### What this task involves:
What you give must be the lines from the one containing "XSDK01-36 Sakura MICRON 01 PEN 0.25MM - BLUE" through the last line of the listing below, exactly, with nothing else and no pictures.

### Supplied information:
== Segment start ==

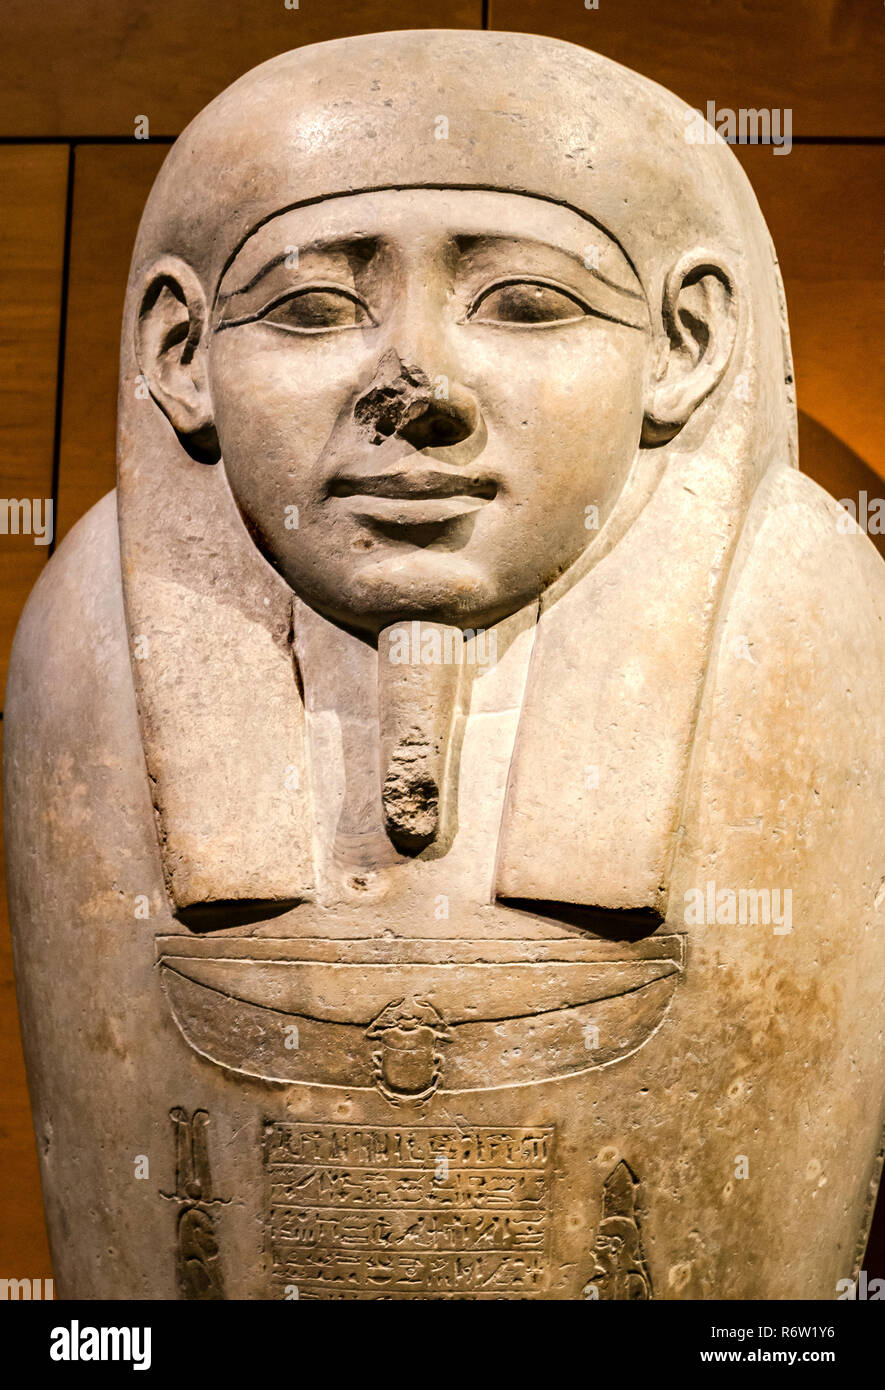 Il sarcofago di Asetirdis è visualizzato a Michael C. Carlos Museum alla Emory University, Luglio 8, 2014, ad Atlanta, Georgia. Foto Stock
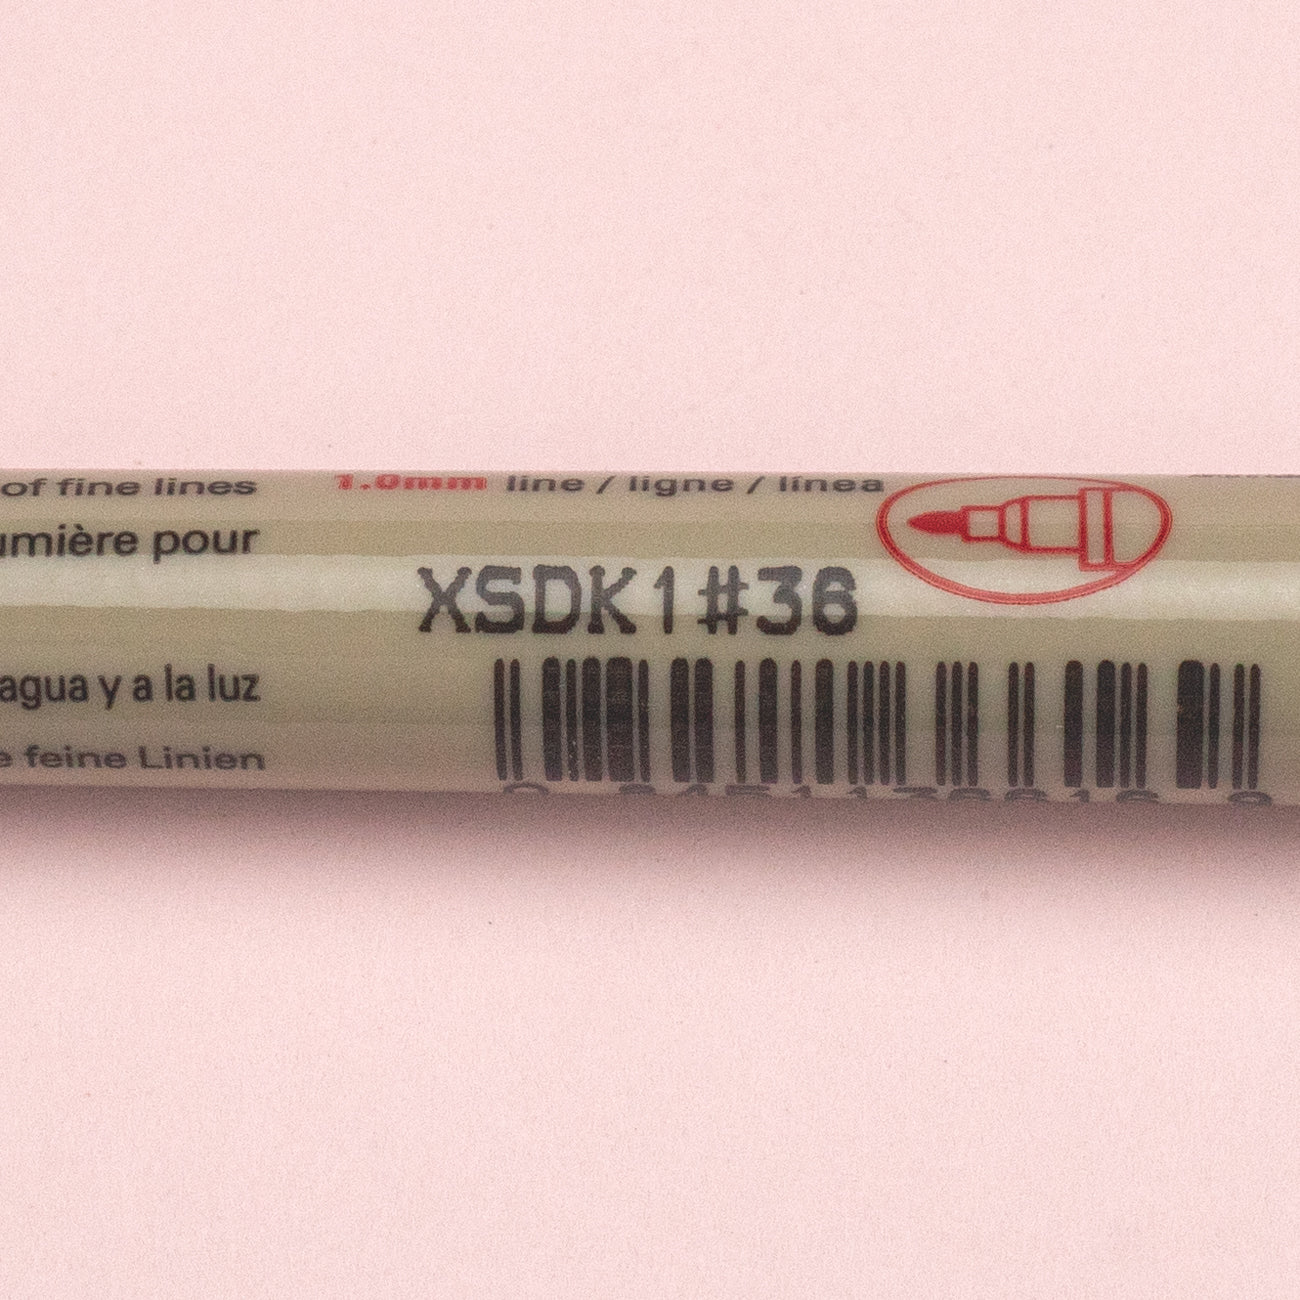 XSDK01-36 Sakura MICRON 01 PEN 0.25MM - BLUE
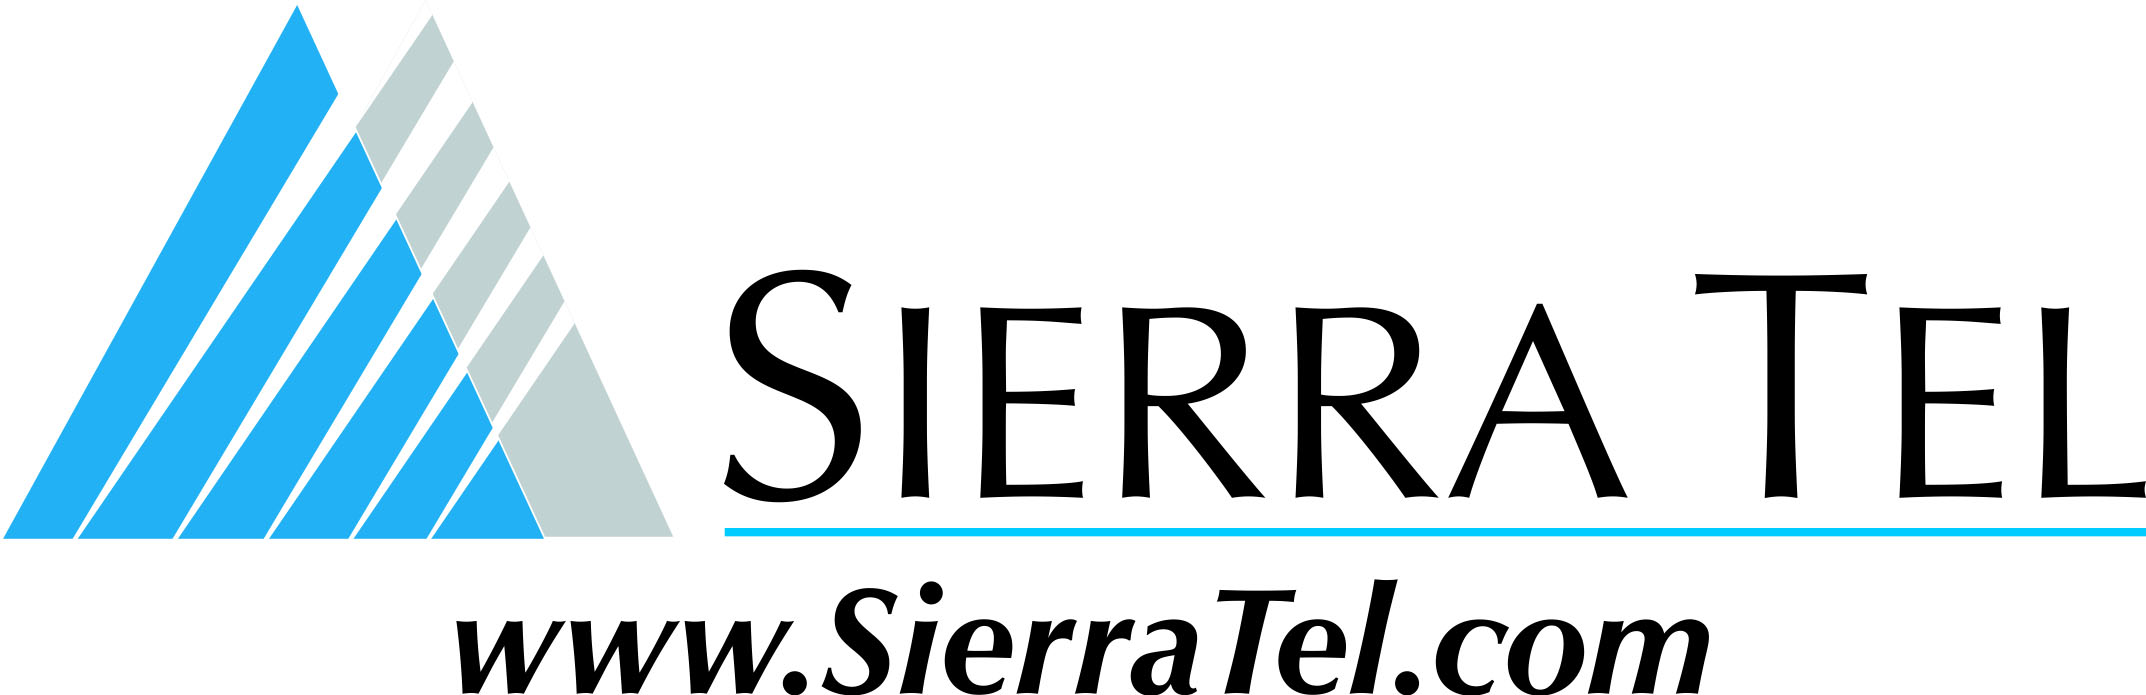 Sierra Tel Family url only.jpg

== Segment end ==

### Problem solution:
 XSDK01-36 Sakura MICRON 01 PEN 0.25MM - BLUE
 Sierra Tel Family url only.jpg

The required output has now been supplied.